Even if you create your own server, and a client which only allows the
user to view the e-mail on that server, you still have to deal with
issues like cut/past, saving the e-mail to a file, screenshots, copying
by hand (more for secret stuff...useless for blackmail, etc.), and so on.
As is the case in cases where you're working with classified, the best
solution is to ensure that people with clearance, authorization, and
need to know are trustworthy enough to have access in the first place.
If you can't trust an employee, don't give them access in the first
place, because if they're determined to get information out, they'll
find a way, no matter how much you try to lock it down. Those are
cases where someone should not have had access in the first place.
If you're REALLY dealing with sensitive stuff, you could even not allow
any personal two-way radios, pagers, cell phones, cameras or other video
recording devices, etc., and in extreme cases, you could make it the
equivalent of TPI (Two Person Integrity), where NOBODY is allowed to
be alone with whatever it is, the material is kept in a TPI safe, with
two combinations, and NOBODY is allowed to know both, and the combos
are changed whenever anyone with one of them leaves, and so on.
Even then, it's not perfectly secure, but....
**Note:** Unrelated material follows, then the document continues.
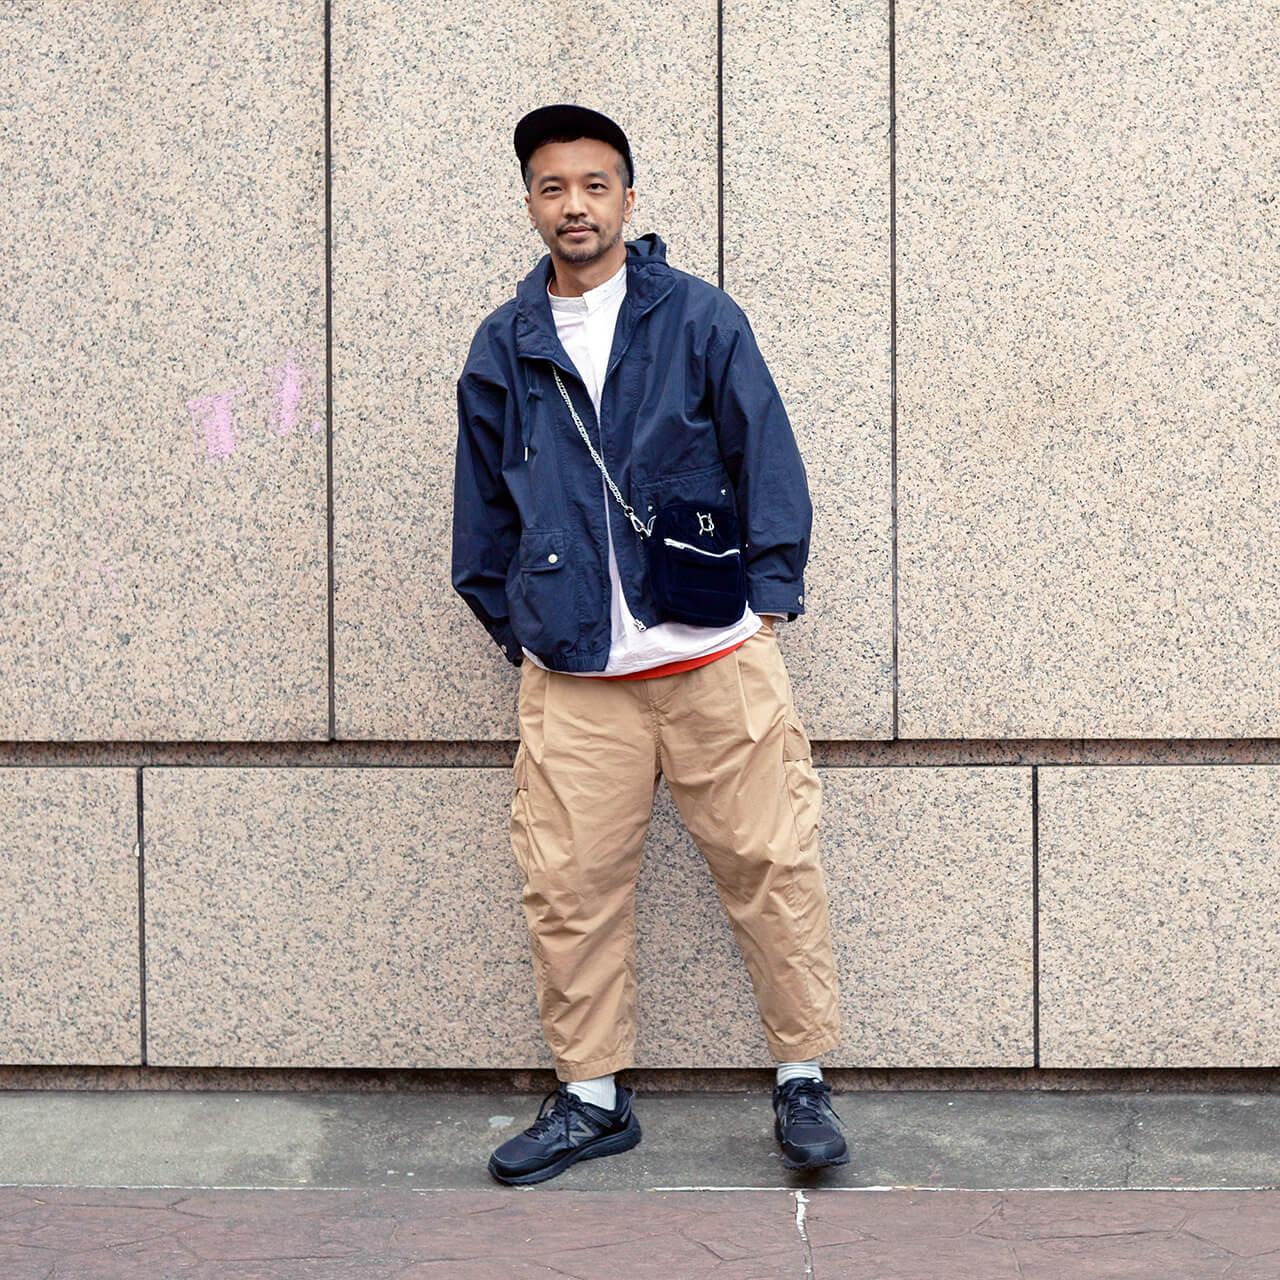 秋季穿搭,男生穿搭,街頭,西裝,休閒搭配,akko,akko 褲,一週搭配,街頭搭配,搭配型人,街頭型人

Oh, and do you allow employees to leave with their Android device? Can
you control access to it when they're not in the office? If anything
that compromises proprietary information is saved on that device, you've
already failed.
It all comes down to this: how damaging is [whatever], and how much
expense and extra effort on the part of employees is it worth to protect
it?
I realize most of this is off-topic, but it's here to point out that
just removing all corporate e-mail from a departing employee's Android
alone is not going to do much.
Later,
--jim
PS: Yes, when I was in intelligence, I was, when it came to protecting
classified (especially when we had uncleared working in our area
and those big flashing red lights on the ceilings were on), the
"bulldog". I was often the one assigned as their escort, too. I
got one guy tossed out on his ass and forbidden to ever return
(then our NCOIC called his boss, and this guy lost his clearance and
his job before he even got back to the comm squadron building---he
was bitching and whining about having to follow all this "security
bs"...a SURE way to lose both your clearance and your job in a
heartbeat).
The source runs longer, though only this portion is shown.